Namun aku tidak akan memaksamu untuk mengikuti cara berpikir logis. Saat ini aku berkompromi dengan nalar irasional yang engkau percayai. Satu-satunya alasan adalah: aku tidak ingin kehilanganmu.
Sampai detik ini kita --aku bersama kamu-- sedang berjuang, mengayuh biduk ringkih melalui gelombang kehidupan dalam satu pikiran. Bahagia merupakan pencapaian.
Pada sebuah malam paling membara, tiba-tiba engkau medekap kuat. Debar-debar pada dadamu menyatukan peluh kita.
 "Aku takut ...."
Dengan lembut aku mengecup dahi, membelai rambut halus, dan menghangatkan gigil tubuhmu.
"Aku takut. Aku mendengar suara burung kedasih. Kamu?"
Ya, aku tahu. Burung emprit itu dipercaya sebagai burung pembawa maut. Kicau monoton burung bermata merah dianggap pertanda datangnya kematian orang dekat kita.

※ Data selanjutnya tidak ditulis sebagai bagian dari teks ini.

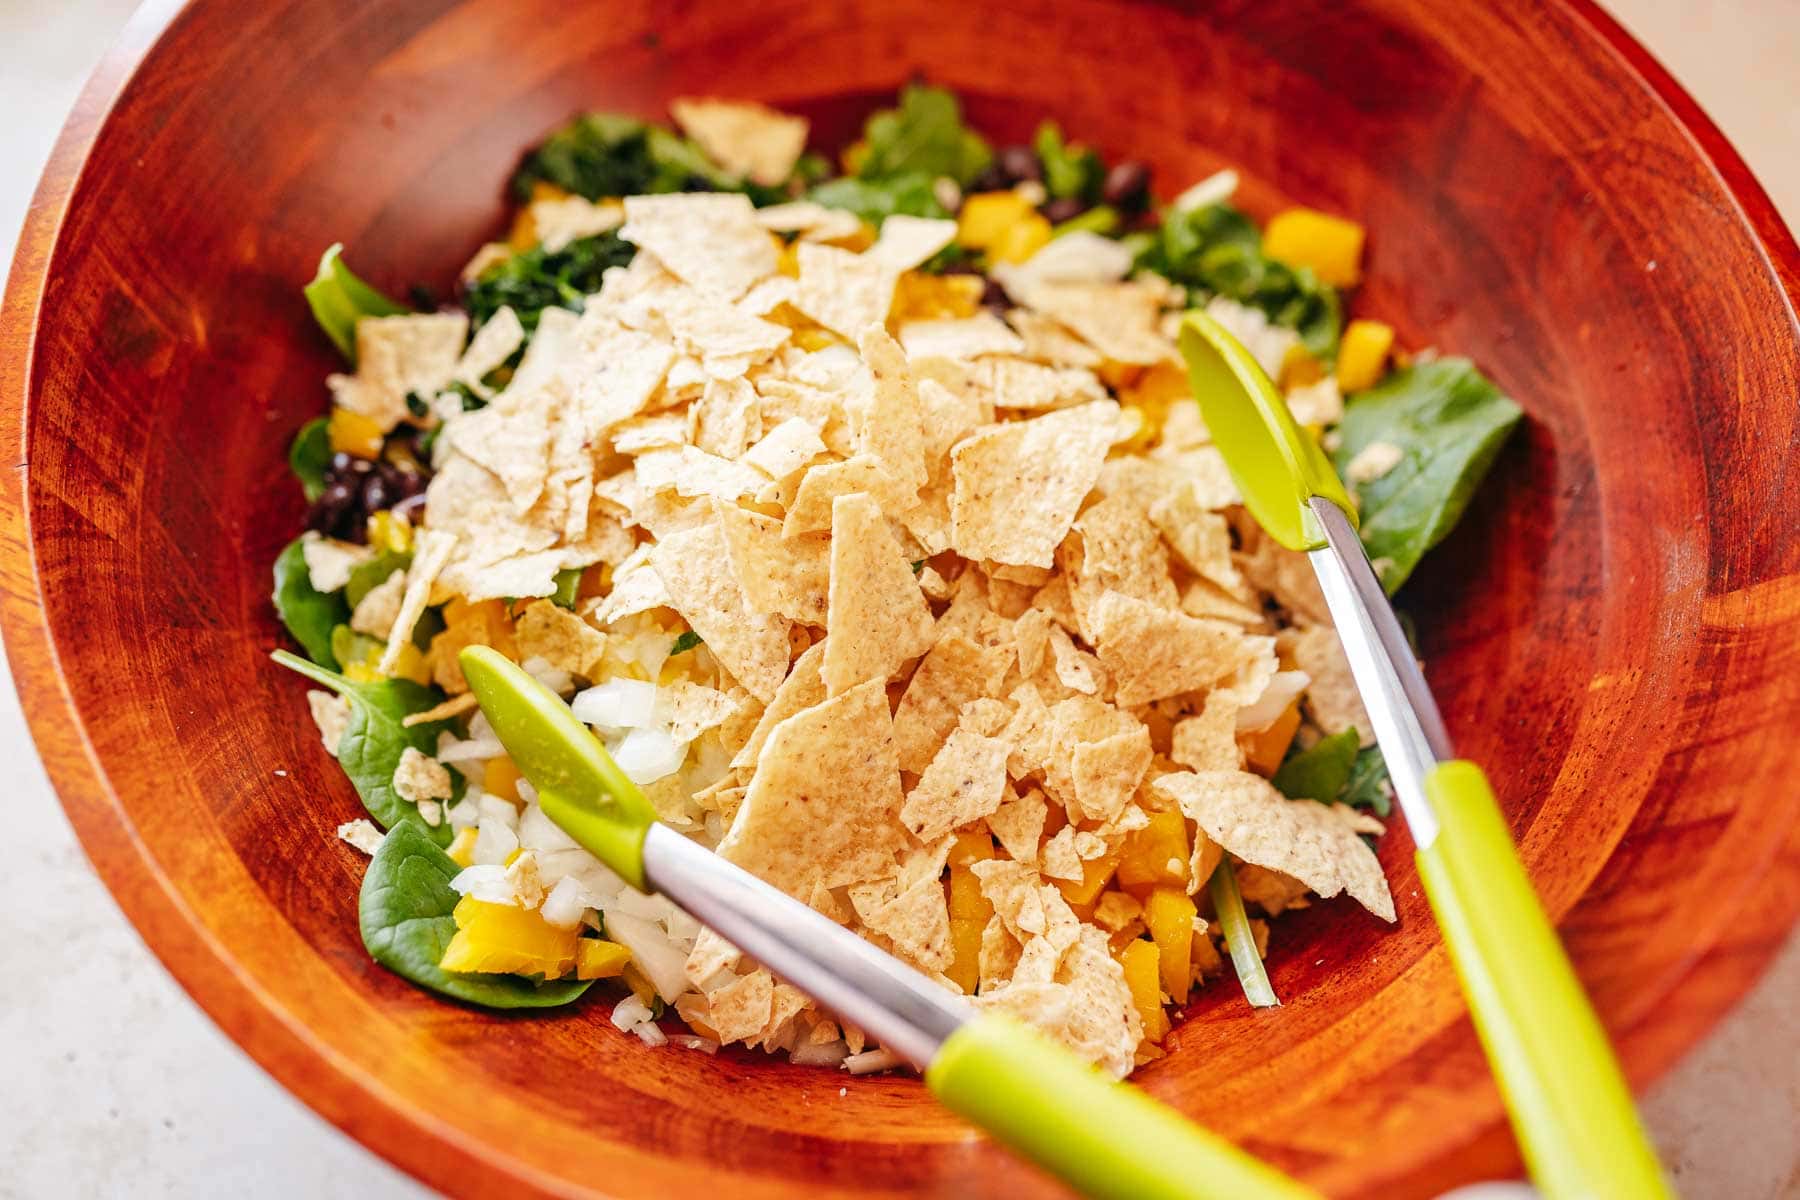 A large salad with various salad ingredients topped with tortilla strips and green tongs.

Aku mengusap rambut dan memeluk tubuh membawakan tenang kepada gelisahmu. Jauh setelah malam, barulah terasa napas teratur mendengkur seperti kucing.
Keesokan hari dan hari-hari berikutnya tidak ada kerabat yang mangkat. Hanya ada pengumuman melalui pengeras suara di masjid kejauhan, memberitakan kematian seseorang yang tidak kita kenal.
"Nah kan, bener," tuturmu.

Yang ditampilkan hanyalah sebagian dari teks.